Et ce mouvement intérieur tombe à point nommé tant il n’est question que d’amour, sous toutes ses formes, dans La Réunification des deux Corées. Suite de fragments du discours amoureux, à la manière de Roland Barthes, cette mosaïque théâtrale se compose d’une vingtaine de scènes, d’une durée suffisamment variable pour offrir à l’ensemble un rythme naturel. À l’intérieur de chacune d’elles, se joue, avec une simplicité souvent déconcertante et grâce à une logique in medias res, comme pour approcher au mieux l’incandescence des sentiments, une série de rapports humains aussi pluriels que tourmentés. On y observe, pêle-mêle, une femme qui souhaite divorcer car elle n’a jamais aimé son mari, une autre qui veut récupérer cette part d’elle-même que son amant lui a prise avant de rompre avec lui, un voisin et une voisine qui se consolent ensemble pendant que leurs conjoints respectifs les trompent sur le pallier, une future épouse qui apprend le jour de son mariage que son fiancé a embrassé toutes ses soeurs, une femme dont l’amour dépasse les horreurs commises par son mari, un instituteur qui porte un peu trop d’affection à ses jeunes élèves ou encore une amitié à ce point intense qu’elle se transforme en combat. À chaque fois, dans chacune de ces situations, Joël Pommerat scrute et décortique ces petits riens qui, en un instant, peuvent tout faire dérailler, à commencer par le récit romantico-féérique de l’amour sans entraves.

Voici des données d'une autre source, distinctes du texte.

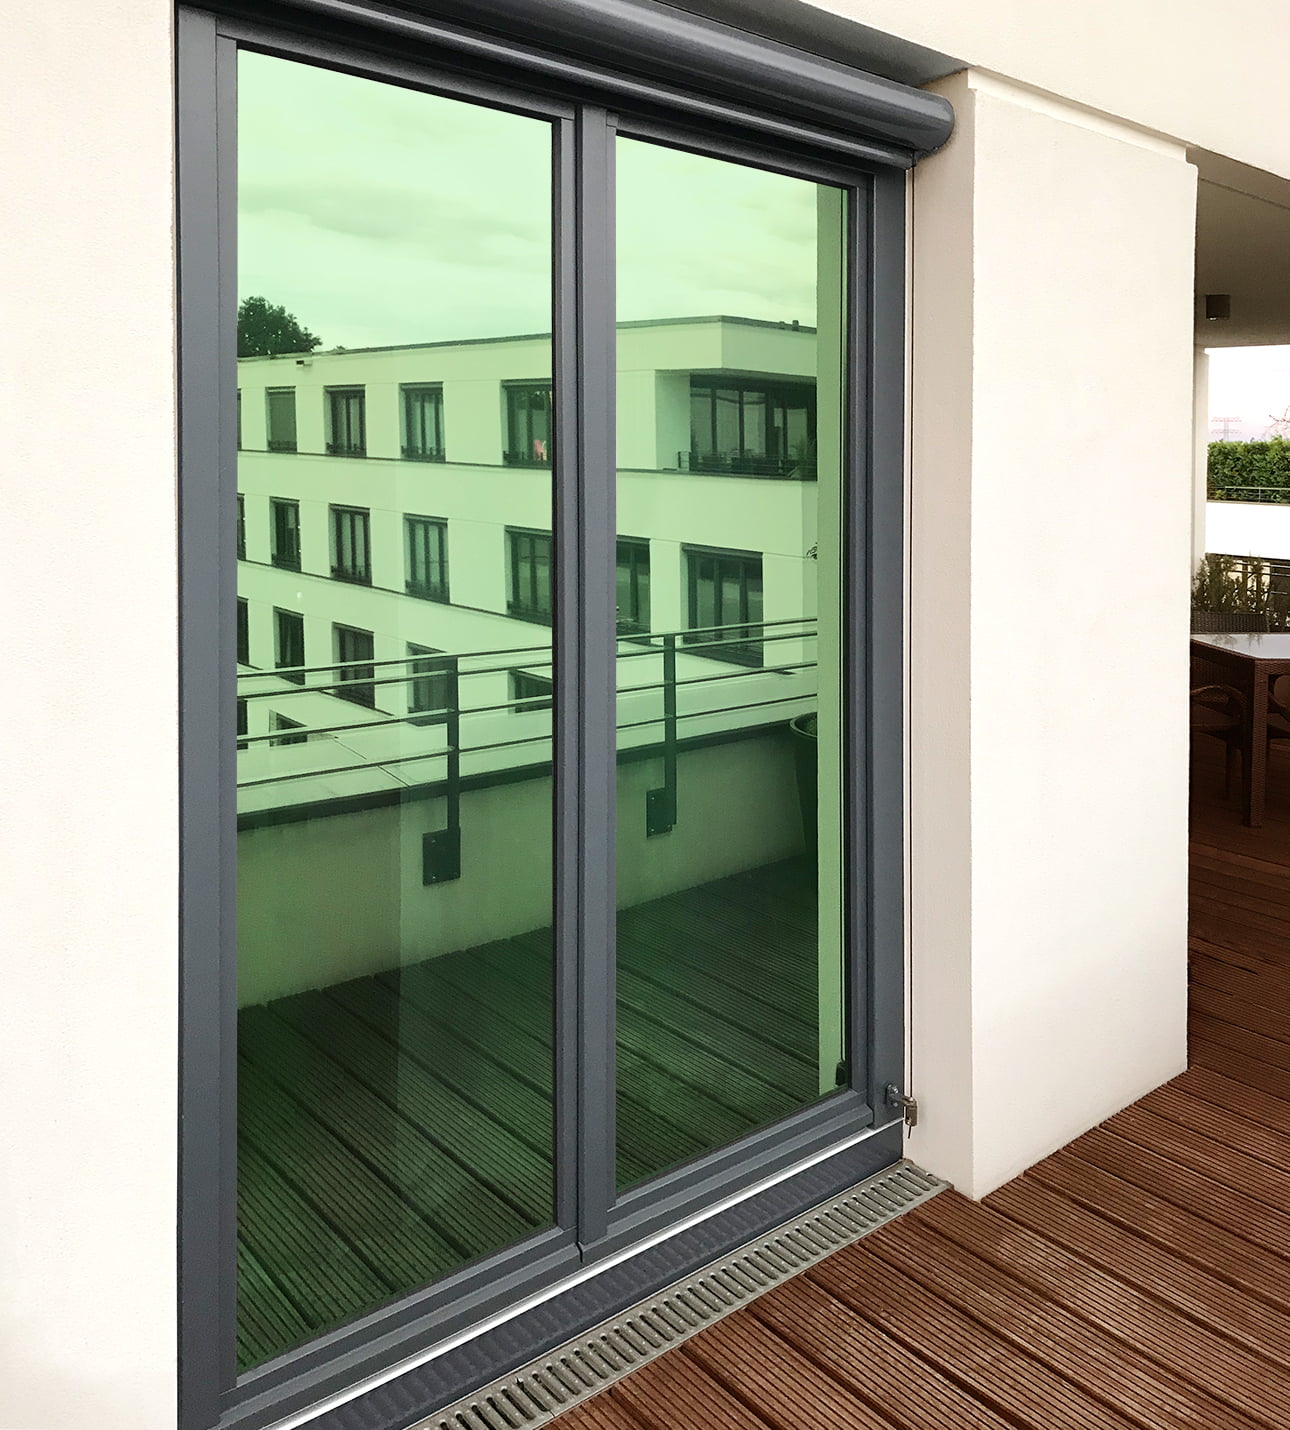 TipTopCarbon 6,57€/m² Fenster Spiegelfolie Grün Sichtschutzfolie 152cm  Breite Fensterfolie Spion Design Folie Selbstklebend

Car, et c’est là sans doute l’une des clefs de son titre énigmatique, il n’est affaire dans cette pièce que de frontières à tracer ou à effacer, de barrières à ériger ou à abattre, de bornes à fixer ou à déplacer face à un sentiment amoureux qui devient parfois si déflagrateur qu’il se montre capable de tout emporter sur son passage, à commencer par la raison des êtres qui y sont soumis. Dans cet ersatz de no man’s land où toutes les directions semblent possibles, de zone grise où personne n’est ni condamnable, ni condamné, la plume de Joël Pommerat s’avère suffisamment habile pour alterner les moments subtilement cocasses et les instants proprement bouleversants, sans jamais tomber dans un quelconque pathos. Surtout, elle apparaît vibrante, et sublime, lorsqu’elle prend le spectateur par surprise, lorsqu’elle confère de l’ampleur et de la profondeur à une scène d’apparence anodine en un claquement de doigt, en un minuscule virage dramaturgique, en quelques mots qui, une fois prononcés, font tout basculer. À l’image de cette prostituée qui refuse, par honneur, que son client ne la paie pas ou de cette femme qui délaisse son compagnon actuel pour suivre le fantôme de celui qu’elle a aimé.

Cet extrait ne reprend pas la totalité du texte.